だからこそ脳裏には名無しさんとのことを電脳上で覗かれているのではないか、という疑いが芽生えたのだった。
そしてその勘は当たりだったらしい。
「…私もとやかく言いたくはないんだけど、あの子が本当に安全だとは思ってないでしょうね?」
「ったく趣味が悪いぜ…俺もそこまで馬鹿じゃねぇよ。」
やはり枝をつけられていたらしく、いつから見られていたのかは見当もつかないが、素子のハッキング能力を持ってすれば自分などまだまだ甘いようだ。
バトーは取り掛からんとしていたトレーニングを急遽中止し、脱いだ上着を羽織り直す。
あの子、とは勿論名無しさんの事だろう。
「少佐は、アイツが俺をハニートラップにでもかけようとしてるんじゃないかと思ってんのかい?それとも何かの陰謀があって9課を狙ってる…とかか?」
「どっちも捨て切れないわね。」
正直バトーはあまり人に好かれるタイプではない。
極端に全身をサイボーグ化している事も関係しているが、人懐っこい性格でもない為付き合える人間はかなり限られてくる。
それは男だろうと女だろうと同じことで、素子は緩やかなスピードではあるがバトーの懐に潜ってきている名無しさんを警戒していた。
ましてやそれがハッカーともなれば尚更だ。
「私個人としては、守るものなんて少ない方が良いに決まってると思ってるわ…愛とか恋ってものを否定するつもりはないけど、それは必ずお前について回るということを忘れるなよ。

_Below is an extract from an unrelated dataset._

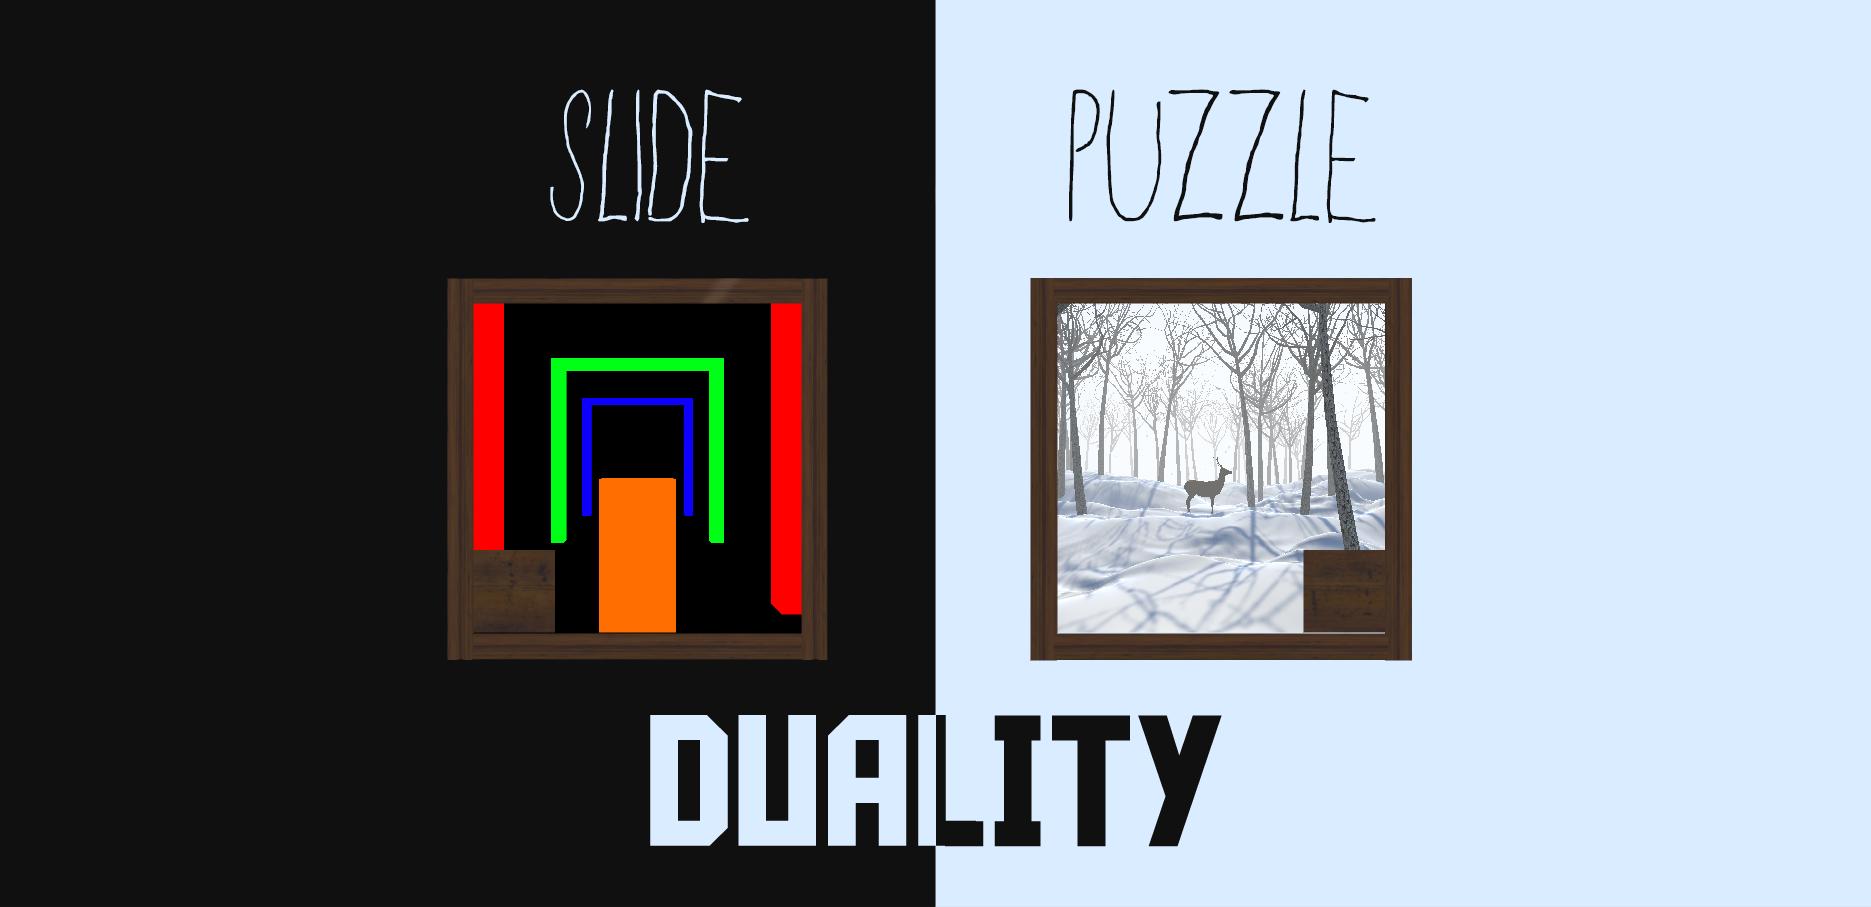 Slide Puzzle - Duality

」
「…警告どうも。」
これが一般的な職場の上司からの忠告であるならばまだ、名無しさんはいい奴なんだと弁護することができるが、いかんせんここは警察署の特殊部隊内オフィスで素子は上官だ。
バトーも自分の立場や名無しさんとの関係が普通ではないことを理解していた。
多くは語らない素子の去っていく背中を見届け、小さく舌打ちをする。
「あーあ…ケリつけろってか…」
どうやらこのなぁなぁな関係にケジメをつけなくてはいけないらしい。
バトーは電脳ネットを開き、名無しさんに明日会いに行くことを伝えると、素子を追うような形で自身のトレーニングルームを後にした。